In der kleinen Sporthalle, in der Kinder aus allen Kontinenten der Welt zusammen turnen, war im Dezember Barack Obama zu Gast. Für den US-Präsidenten ist das Casa Azafran Musterbeispiel für eine aktive Einwanderungspolitik, die er gerne überall in den USA umsetzen würde. Das Gemeinschaftszentrum finanziert sich sowohl aus privaten Spenden als auch aus öffentlichen Mitteln. Geschäftsführerin Renata Soto kam Mitte der neunziger Jahre aus Costa Rica. Besonders stolz ist sie auf die große Gemeinschaftsküche, in der junge Einwanderer ein Catering-Unternehmen starten können:
"Es gibt viele auf der Warteliste. Wenn Sie das nächste Mal kommen, hoffen wir, dass diese Wand weg ist und unsere Küche größer geworden ist."

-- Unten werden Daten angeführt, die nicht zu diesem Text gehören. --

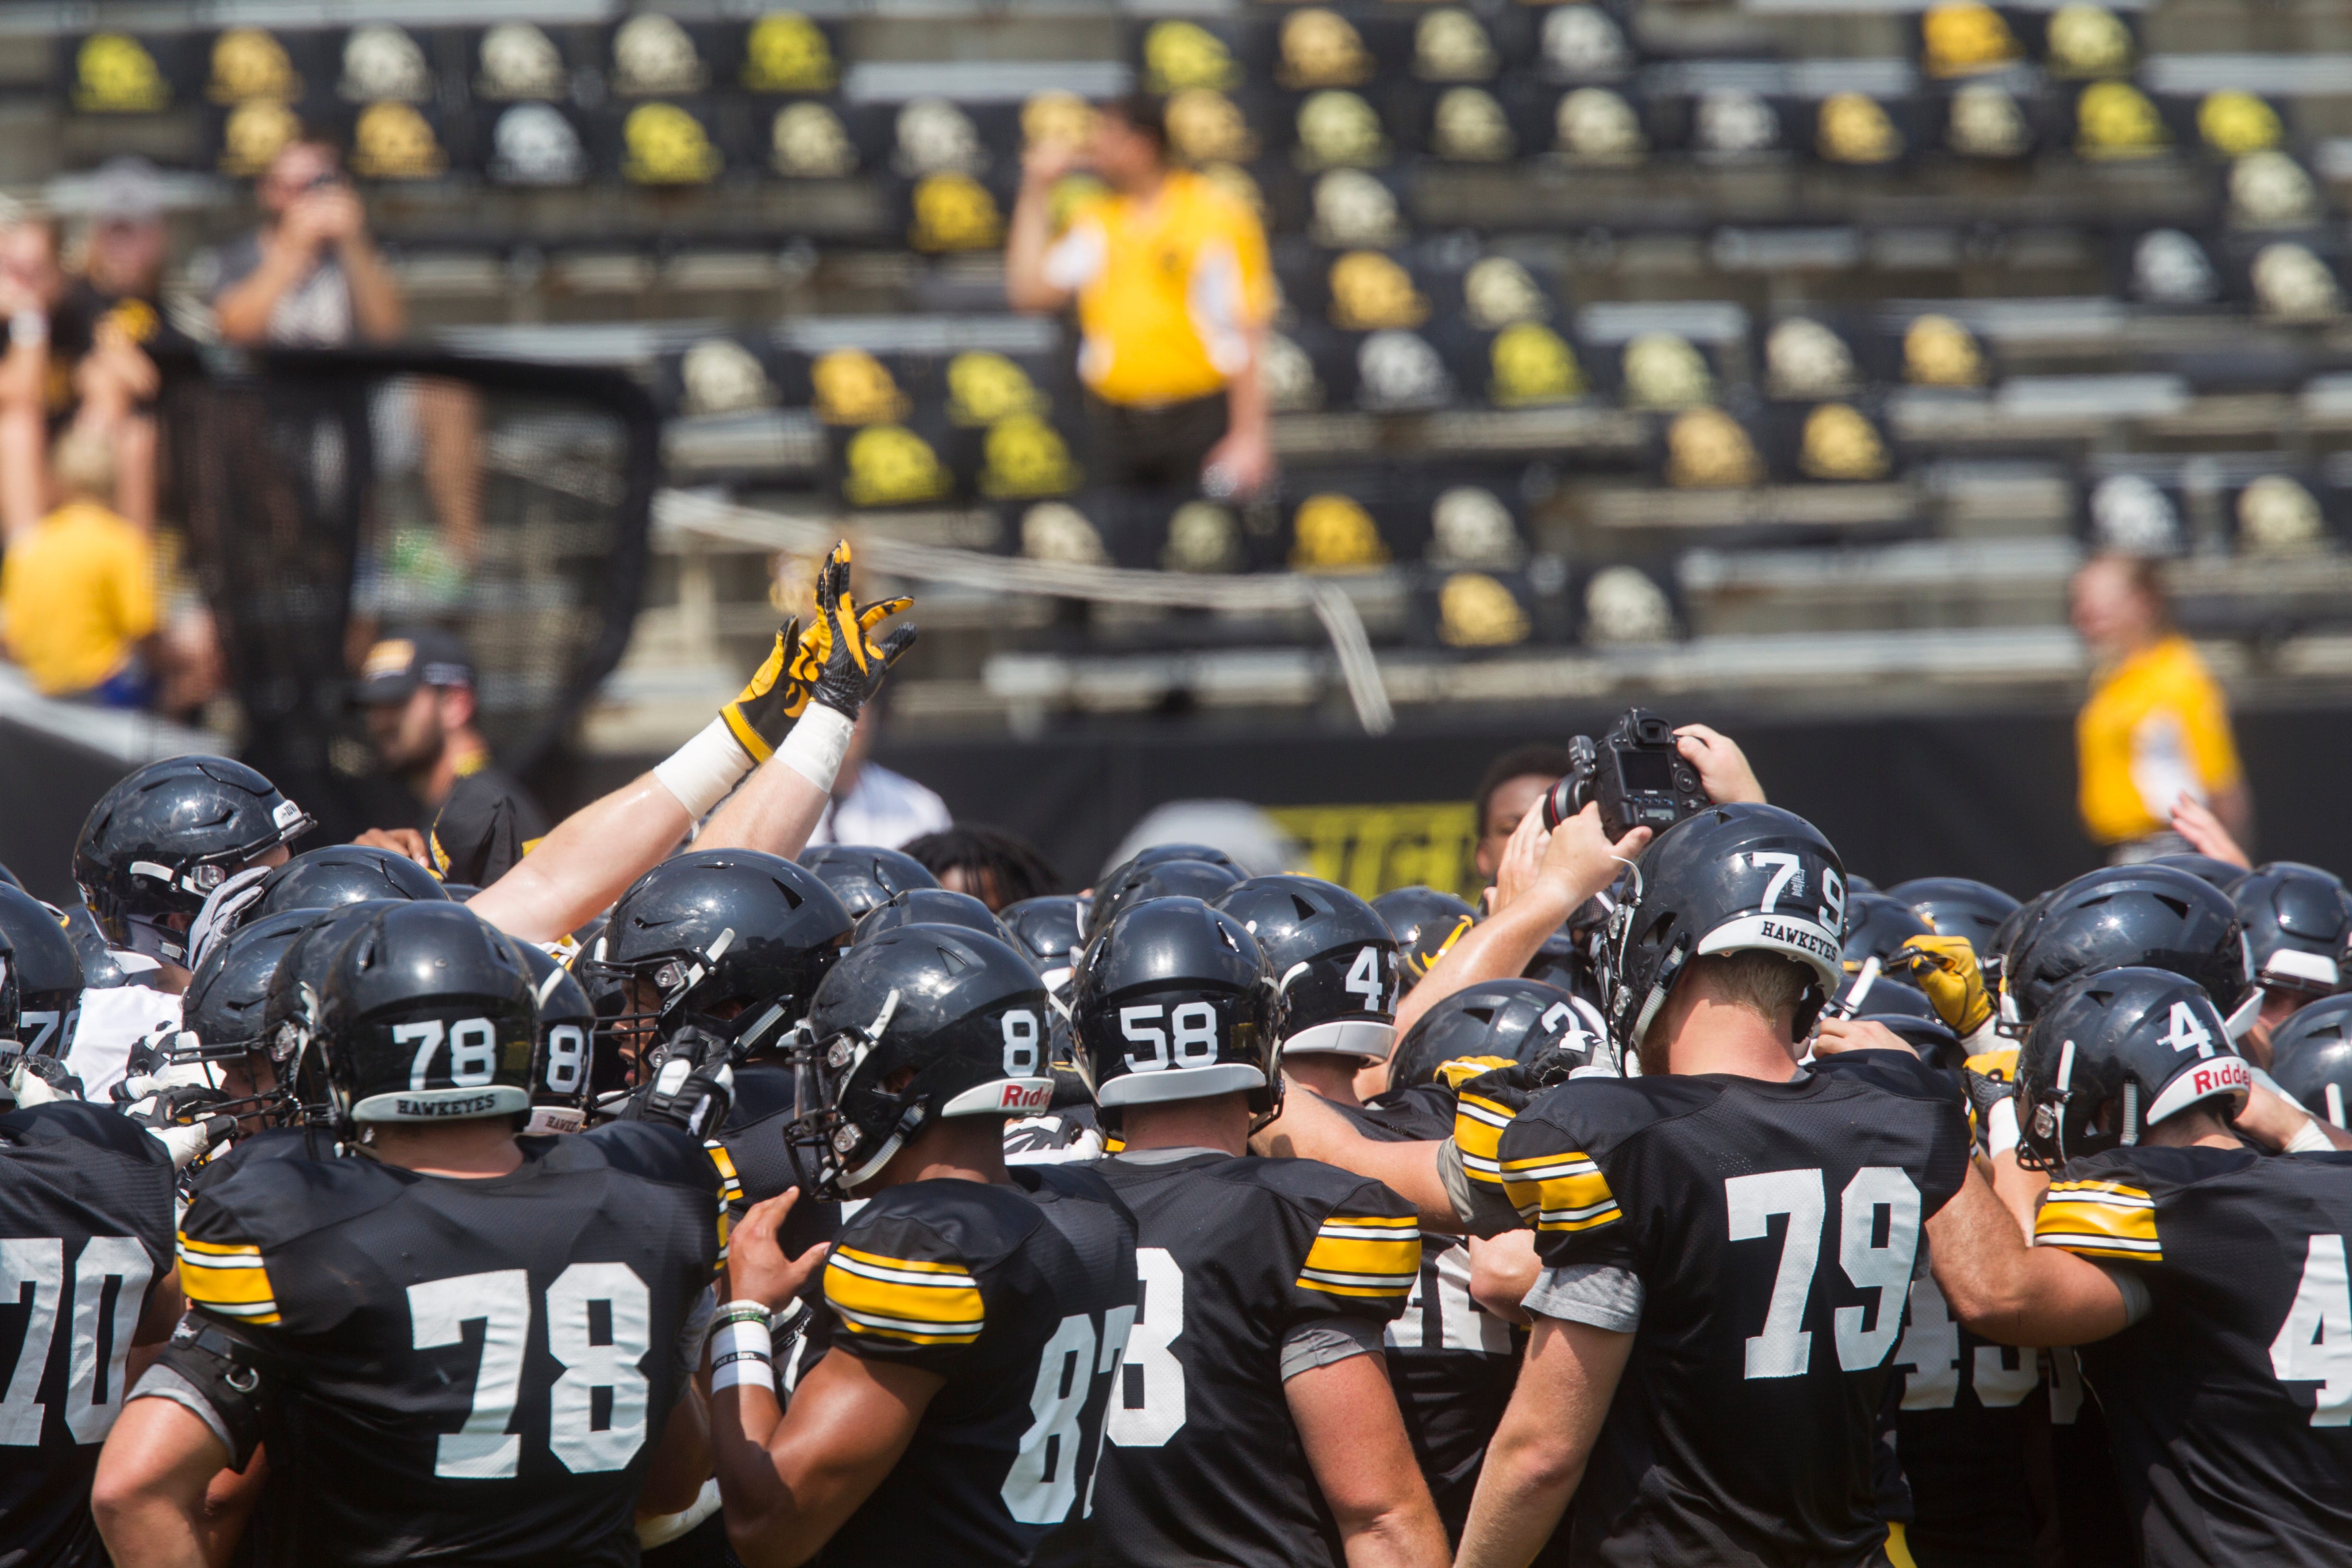 Iowa players huddle during a Kids Day practice on Saturday, Aug. 11, 2018, at Kinnick Stadium in Iowa City.

Eine der Catering-Unternehmerinnen ist Karla Ruiz. Die 42-Jährige bereitet gerade Smoothies zu. Vor 15 Jahren kam sie mit ihrem Sohn illegal nach Nashville.
Viele Erfolgsbeispiele
Als illegale Einwanderin hat Karla noch nie in ihrem Leben einen Bank-Kredit bekommen. Trotzdem ist ihr kleines Catering-Unternehmen von Jahr zu Jahr gewachsen. Derzeit könnte das Geschäft kaum besser laufen:
"Sehr sehr gut! Ich bin so glücklich mit der Entwicklung von 'Karlas Catering'! Ich habe so viele Träume! Wow! Ich will überall in den USA verkaufen!"
"Karlas Catering" beliefert Firmen, aber auch Lebensmittelgeschäfte. Morgens um fünf Uhr fängt sie an und oft steht sie noch bis abends um acht in der Küche.
Karla hofft, bald legal in den USA bleiben zu dürfen und einen Bank-Kredit zu bekommen.
"Ich werde mir viel neue Ausrüstung kaufen. Ich werde nach Mexiko gehen, um mich als 'Chef' fortzubilden. Ich will so viel dazu lernen, damit ich meinen Kunden mehr bieten kann."
Nicht alle schaffen wie Karla den Aufstieg aus der Illegalität zur erfolgreichen Unternehmerin. Renata Soto, die Geschäftsführerin im Gemeinschaftszentrum Casa Azafran hat jedoch viele Erfolgsbeispiele erlebt. Entscheidend sei, Einwanderern und Flüchtlingen eine Chance zu geben, sich in der neuen Heimat zu bewähren.
"Einwanderer bringen eine große Entschlossenheit mit, erfolgreich zu sein. Und wegen der vielen Hürden haben sie enorme Kreativität. Diese Energie belebt unsere Wirtschaft und unsere Gesellschaft."